The commonality element is also uncontested by Defendant. (Dkt. # 28.) Rule 23(a)(2) requires that there be “questions of law or fact common to the class.” Fed. R. Civ. P. 23(a)(2). On this requirement, Plaintiffs argue that whether the challenged provisions of SB 4 are field and conflict preempted is a question of law common to all plaintiffs. (Dkt. # 5 at 13.) Further, the threatened injuries asserted are common to the class, where all class members face arrest, prosecution, and removal under SB 4. (Id.) The Court is persuaded that the putative class satisfies the commonality requirement.
Typicality is contested. Rule 23(a)(3) mandates that “the claims or defenses of the representative parties are typical of the claims or defenses of the class.” Fed. R. Civ. P. 23(a)(3). This requirement is met when the members' claims arise from similar conduct and have similarities in legal and remedial theories. Angell v. GEICO Advantage Ins. Co., 67 F.4th 727, 736 (5th Cir. 2023) (“[A] complete identity of claims is not required; ‘[r]ather, the critical inquiry is whether the [named plaintiff's] claims have the same essential characteristics of those of the putative class. If the claims arise from a similar course of conduct and share the same legal theory, factual differences will not defeat typicality.’ ” (quoting Stirman v. Exxon Corp., 280 F.3d 554, 562 (5th Cir. 2002)).
Defendant argues that Plaintiffs' analysis overlooks “material differences between the named plaintiffs, who are lawful residents, and the members of the putative class, whose immigration statuses are unknown.” (Dkt. # 28 at 10–11.) However, the standard articulated in Angell appears to be met here, where putative class members share the same legal theory—that the challenged provisions of SB 4 are preempted—and whose shared claims arise out of the same course of conduct: the implementation of SB 4. See 67 F.4th at 736. These factual differences do not make the claims and conduct any less “typical” across the class.
Finally, the parties disagree on adequacy of representation. (Dkt. ## 5, 28.) Rule 23(a)(4) requires that “the representative parties will fairly and adequately protect the interests of the class.” Fed. R. Civ. P. 23(a)(4). The target of this requirement is to “uncover conflicts of interest between named parties and the class they seek to represent.” Amchem Prods., Inc. v. Windsor, 521 U.S. 591, 625, 117 S.Ct. 2231, 138 L.Ed.2d 689 (1997). Defendant first asserts that Plaintiffs' decision to proceed anonymously is unfair to other class members and risks conflicts. (Dkt. # 28 at 14) (“If Plaintiffs' identities remain concealed, how will Defendants or the Court uncover conflicts between them and other class members?”). However, as pointed out by Plaintiffs' counsel during the hearing, the risk of conflict in this particular case is low where Plaintiffs do not seek monetary damages and only injunctive relief. Defendant's additional concerns regarding differing facts related to L.M.L's lawful status and K.G.S.'s pending U-visa do not change the adequacy of representation analysis. “Differences between named plaintiffs and class members render the named plaintiffs inadequate representatives only if those differences create conflicts between the named plaintiffs' interests and the class members' interests.” Mullen, 186 F.3d at 625–26.
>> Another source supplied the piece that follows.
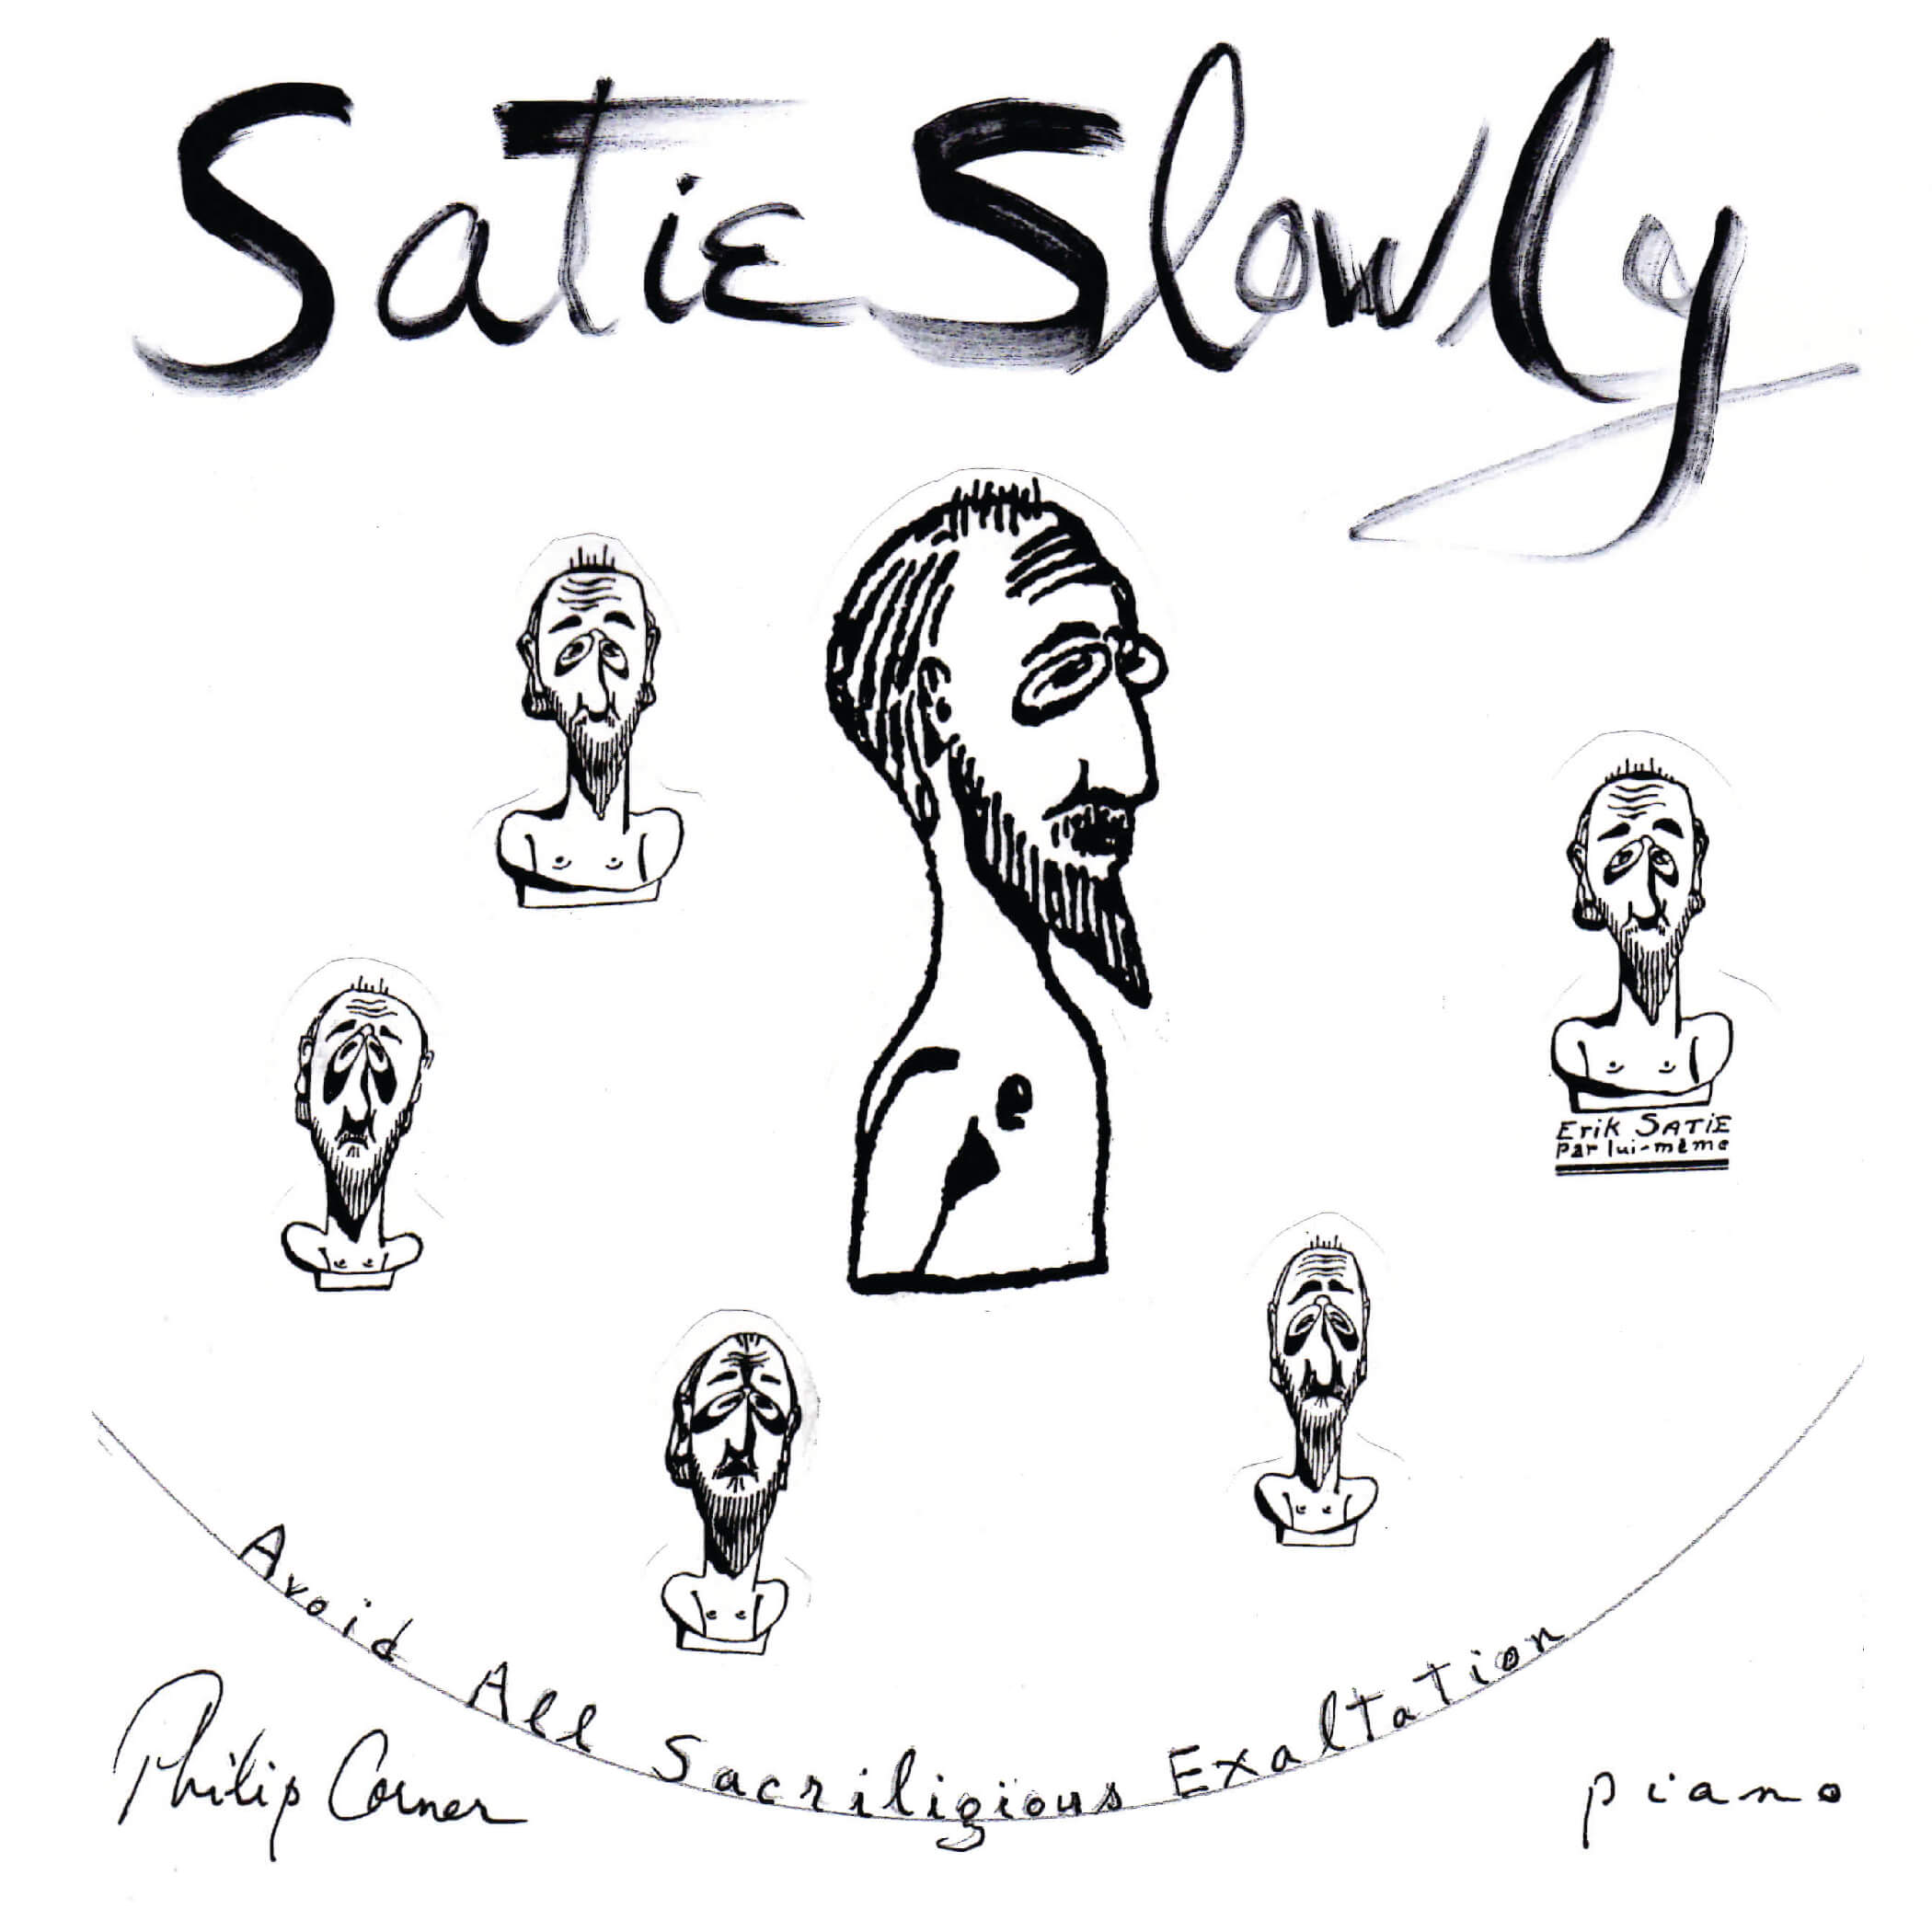 Satie Slowly by Philip Corner

Accordingly, each of the Rule 23(a) requirements are met.
II. Rule 23(b)(2)
The requirements of Rule 23(b)(2) are also met, which authorizes class certification in circumstances where “the party opposing the class has acted or refused to act on grounds that apply generally to the class,” such that “final injunctive relief or corresponding declaratory relief is appropriate respecting the class as a whole.” Fed. R. Civ. P. 23(b)(2).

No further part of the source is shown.